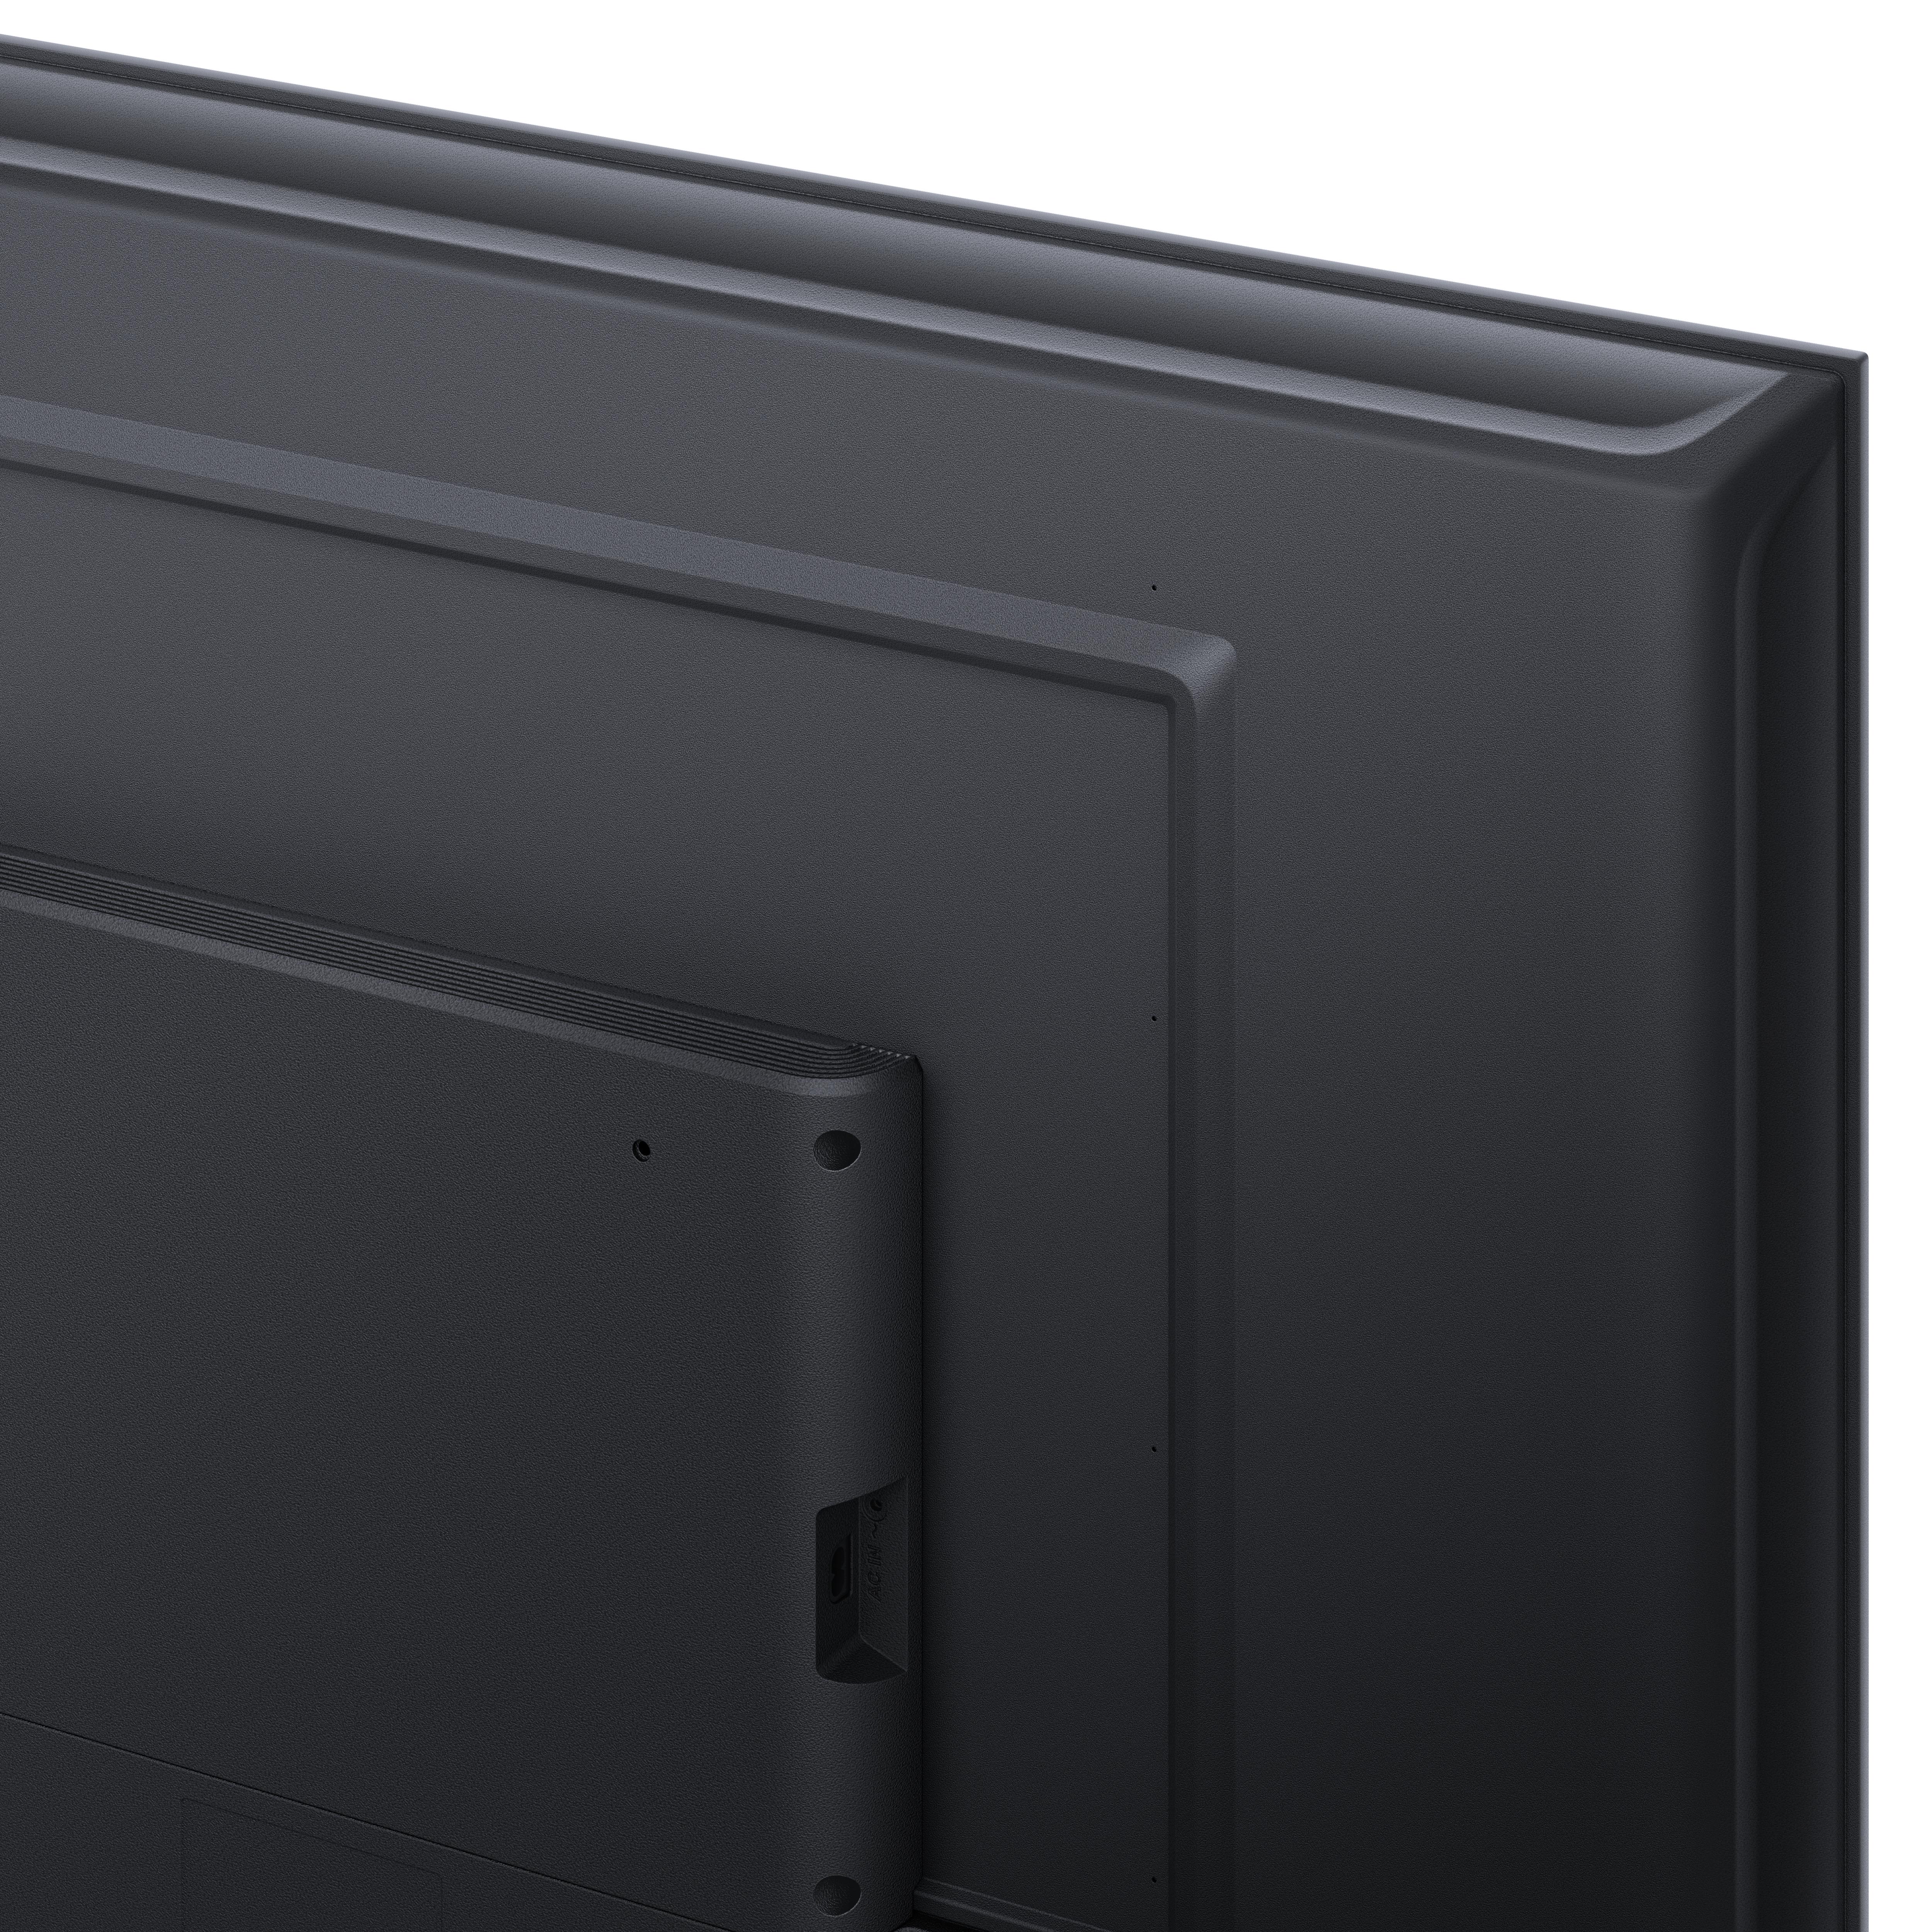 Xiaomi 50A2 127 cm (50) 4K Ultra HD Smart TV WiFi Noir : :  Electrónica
=-=-=-=-=
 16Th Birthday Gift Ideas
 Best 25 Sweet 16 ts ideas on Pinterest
=-=-=-=-=
Return the span of lines in the data above that opens at the line with "16Th Birthday Gift Ideas" and closes at the line with "Best 25 Sweet 16 ts ideas on Pinterest", exactly, ends included, nothing else.

ANSWER —
 16Th Birthday Gift Ideas
 Best 25 Sweet 16 ts ideas on Pinterest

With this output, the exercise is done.